Он помотал головой, что-то бормоча себе под нос, словно ему помешали. И начал заново.
— Вы знаете, что я преклоняюсь перед вами, Ханна. — Ханна могла себе представить, сколько раз он прокрутил все это в уме, сколько раз продумал, где именно они остановятся, что именно он скажет, и эти его серьезность и безрадостность были лишь показателем того, сколь сильно он желал, чтобы все вышло как положено. И, разумеется, в ее власти было, подчинившись его мечтам, сделать так, чтобы все выдуманное им стало явью. Она, развеявшая по ветру так много собственных фантазий, могла даровать ему это чудо, и ей страстно захотелось именно так и поступить.
— Я прошу вашего разрешения просить вашего отца о разрешении, — он моргнул, словно сомневаясь, что произнесенное им имеет хоть какой-то смысл, — о разрешении просить вашей руки.
— Да.
— Ханна. Вы бы согласились стать моей женой?
Ханна улыбнулась и честно ответила:
— Согласилась бы.
— Ах! — улыбнувшись, он поднял сжатые кулаки, но тотчас совладал с собой. Ведь пока нельзя сказать, что дело сделано, еще не все его мечты нашли свое воплощение.
— Можно… можно мне поцеловать вашу руку?
Ханна широко распахнула глаза. Сердце ее при этих словах заколотилось. Ну, наконец-то вздыхают и целуют.
— Да, — прошептала она и протянула ему правую руку.
Томас Ронсли ухватился за нее обеими руками и, не говоря ни слова, перевернул и принялся расстегивать пуговки на перчатке. Должно быть, и это он себе тоже намечтал. Она глядела, как он нежно стягивает с ее руки перчатку, как, не решаясь перевернуть, держит ее в своей, как наклоняется, как целует руку, горячо дыша и щекоча бородой, а потом зажимает ей пальцы в кулак, будто бы только что дал ей монетку.

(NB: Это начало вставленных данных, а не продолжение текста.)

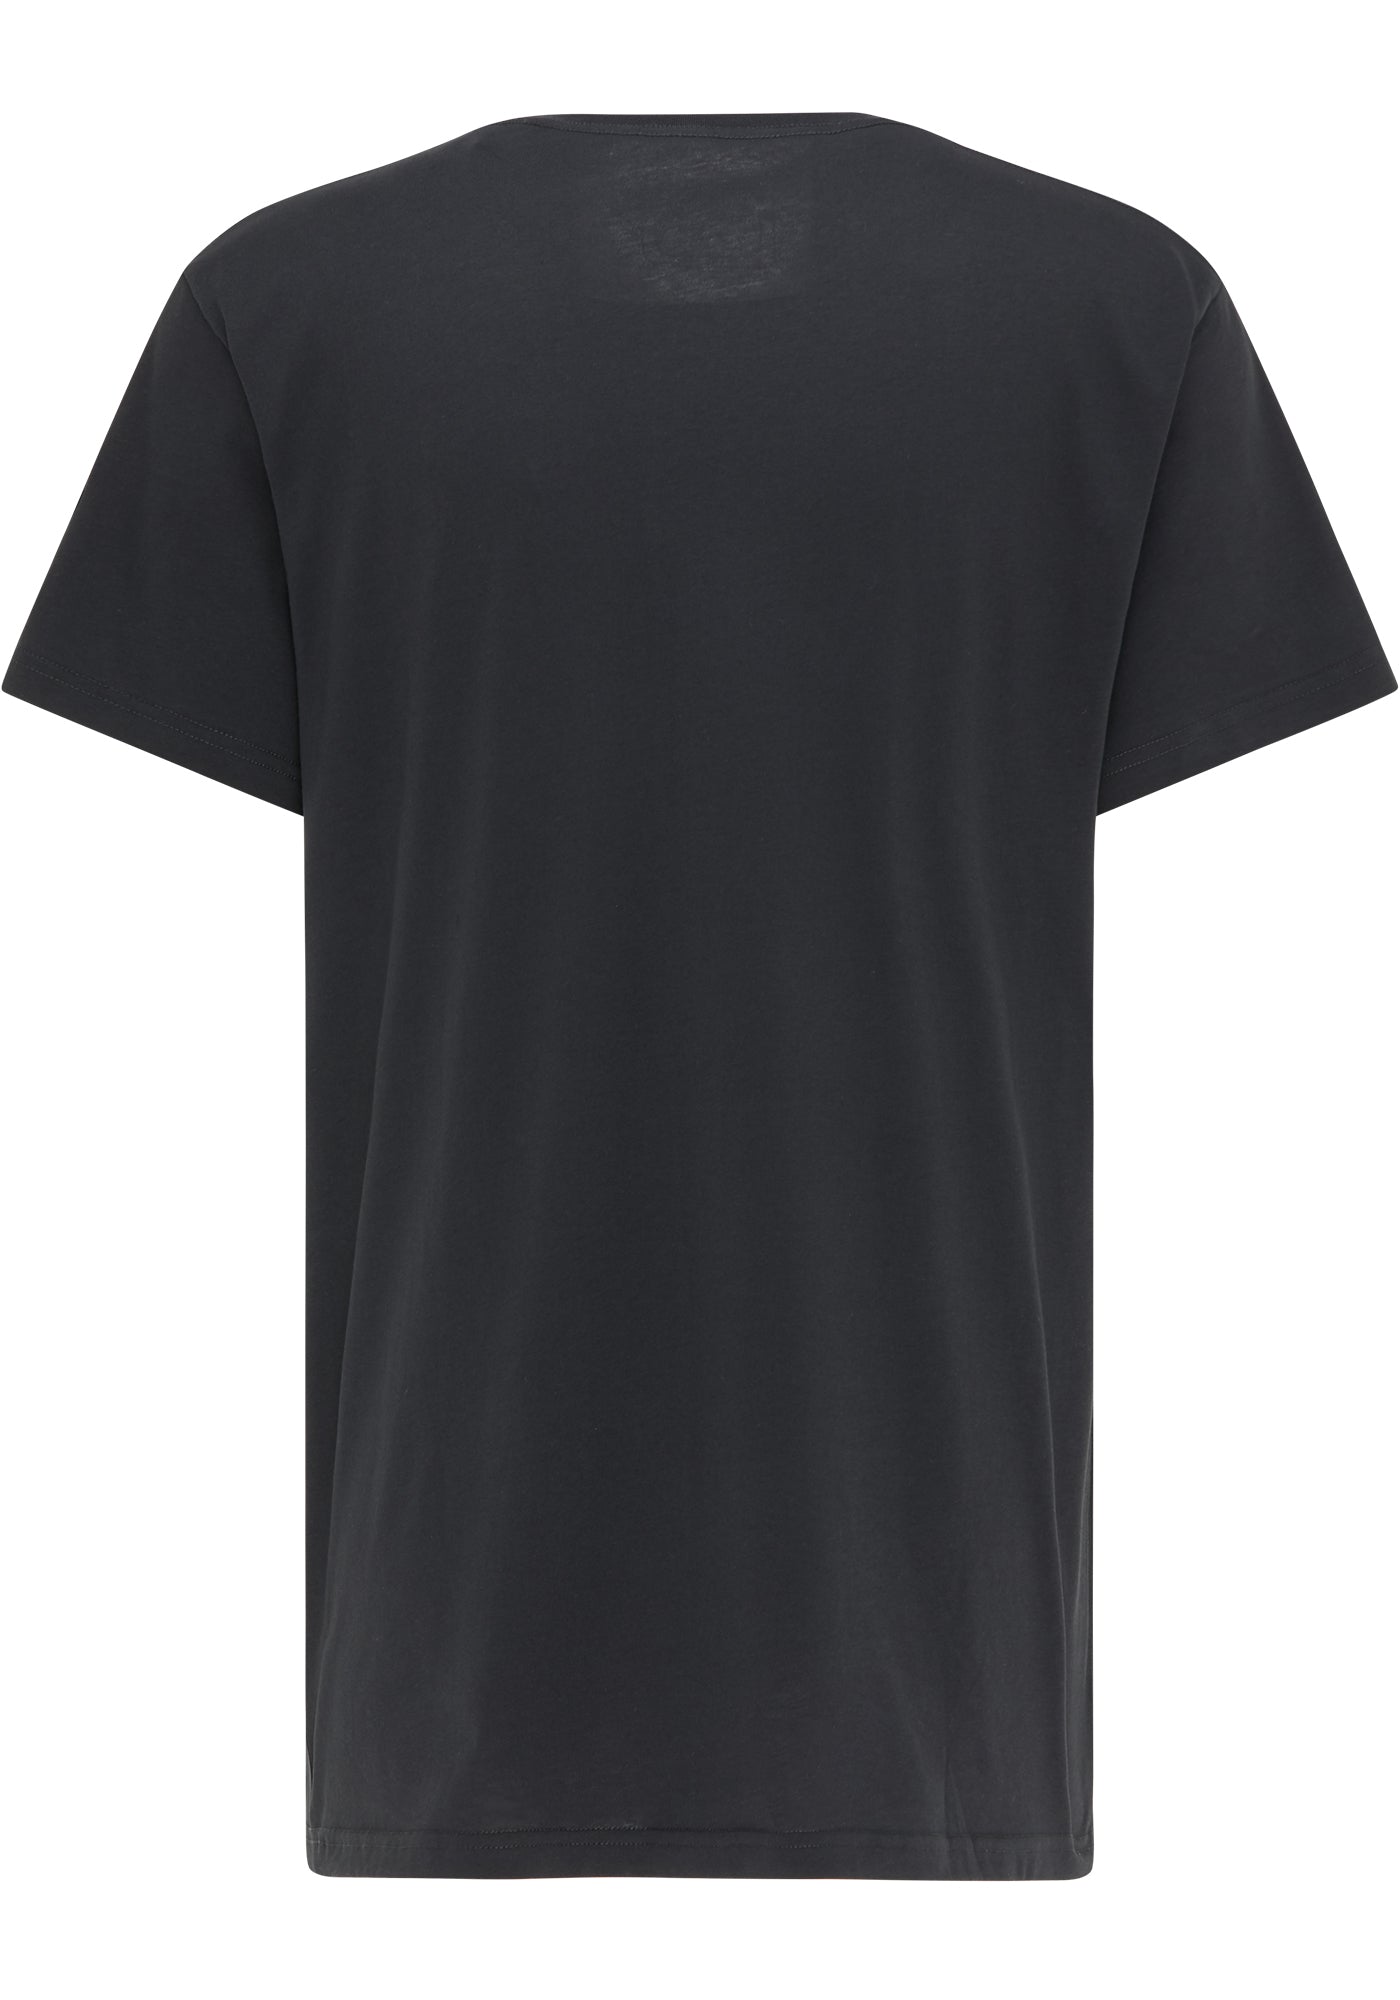 SOMWR INFLUENCER TEE T-Shirt BLK000

Складывая книги, он курил. Выдыхал клубы дыма, чуть поджимая губы, и читал названия на корешках. Purgatorio[25]. Так он и не одолел итальянского, чтобы прочесть Данте в оригинале. Ну, разумеется. И никогда не одолеет. Он вернется в Сомерсби, но и там ничего не сможет. Нет, он уйдет туда с головой и растает, словно дым в воздухе. Его окружат тени предков, их черная кровь будет течь у него по жилам. Выхода нет. Он ничем не отличается от любого другого английского поэта, разве что притащил сюда с собой сумку, набитую неоконченными стихами, а новые, об Артуре, застряли у него в горле, но дело не в этом. В конце концов, если они и будут когда-то опубликованы, критики вновь примутся их хулить, и никакой Хэллем уже не встанет на его защиту. Нет, он возвращается ни с чем. Он вкусил мира, вкусил предпринимательства, и вот теперь он банкрот, его деньги поглотил безумный проект безумного доктора. Вот так унижение. Хуже того, ему придется вернуться в родительский дом и жить там, стараясь избегать лишних расходов. Он поверил прожектам доктора, сочинил несколько стишков, и все. Да и вообще он выдохся. Перегорел. Вот сейчас он закончит упаковывать свои книги. Придет слуга, уберет комнату, изничтожив все следы его пребывания. И отправится он в Сомерсби курить, угасать, а если будет настроение, сочинять новые стихи об Артуре.